My cartoon this week takes Newsweekification one step further by referencing an actual Newsweek column — from the on-line version of the magazine at least — by Ramin Setoodeh. Setoodeh, who is himself gay, wrote that he found Sean Hayes performance in the Broadway production of "Promises, Promises"
"wooden and insincere, like he's trying to hide something, which of course he is. Even the play's most hilarious scene, when Chuck tries to pick up a drunk woman at a bar, devolves into unintentional camp. Is it funny because of all the '60s-era one-liners, or because the woman is so drunk (and clueless) that she agrees to go home with a guy we all know is gay?"Setoodeh proceeds from there to generalize that all out gay actors are unconvincing playing straight romantic leads, essentially because the audience knows the actor can't possibly have any romantic interest in the actress playing his romantic interest. Broadway and Hollywood have responded by denouncing Setoodeh as a self-hating homophobe; for an summary of the flap, see The Week.
Setoodeh does have a point that audiences seem to resist accepting openly gay actors in straight roles. Nathan Lane had a short-lived sitcom in the '90's whose short life may have had something to do with viewers not identifying with his skirt-chasing character, for example. Who knows how many times excellent gay actors have lost leading roles to mediocre straight actors because casting directors decided that the audiences wouldn't accept the gay actor in the role?

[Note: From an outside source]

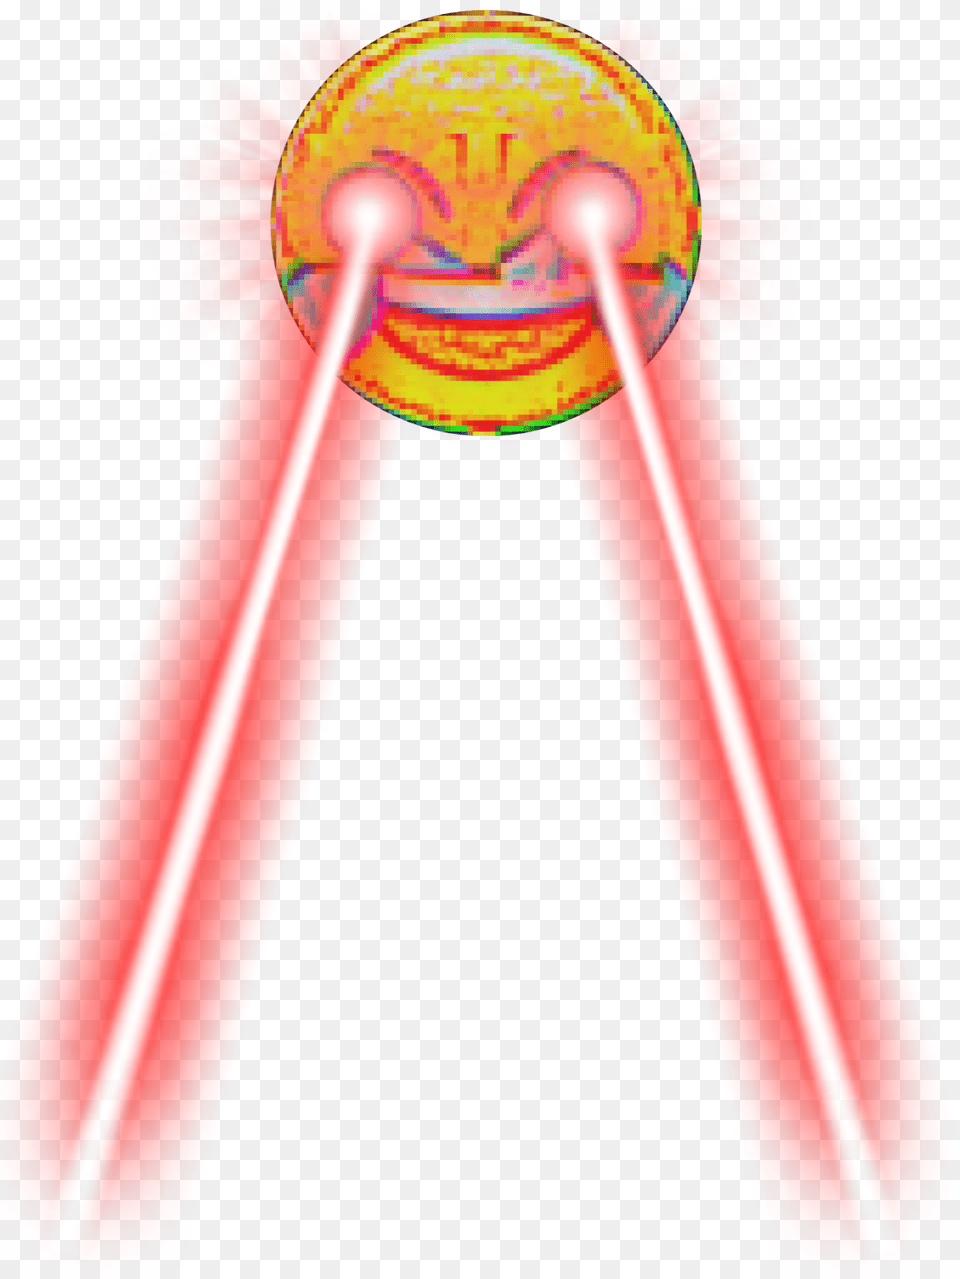 Dank Meme Laughing Emoji Crying Laser Laughing Emoji Meme, Dynamite, Weapon Png

Heterosexual audiences seem much more inclined to accept openly heterosexual actors playing gay -- Robin Williams in "Birdcage"; Wesley Snipes, Patrick Swayze, and John Leguizamo in "To Wong Foo"; Jake Gyllenhaal and Heath Ledger in "Brokeback Mountain" -- perhaps because the heterosexual viewer has no vicarious interest in getting sexually involved with the character. Maybe a heterosexual audience mounts defenses against gay actors playing straight romantic leads because they expect the relationship to end in betrayal sooner or later. Certainly the straight audience has less emotional interest in a gay character's love interest than they do in that of a straight character, and therefore a lower standard of what they are willing to accept as believable portrayal of a gay character.
It's an interesting facet of a larger question, really. It fits alongside the controversy over whether white actors can play non-white characters — even whether it's ethical for a non-handicapped actor to play a handicapped character.
Can Laurence Fishburne play Big Daddy in "Cat on a Hot Tin Roof"? Could Jackie Mason pull off the role of Thomas More in "A Man for All Seasons"? Would audiences accept Aziz Ansari as Tony in "West Side Story"? Or would they rather watch Hayden Christensen as Othello?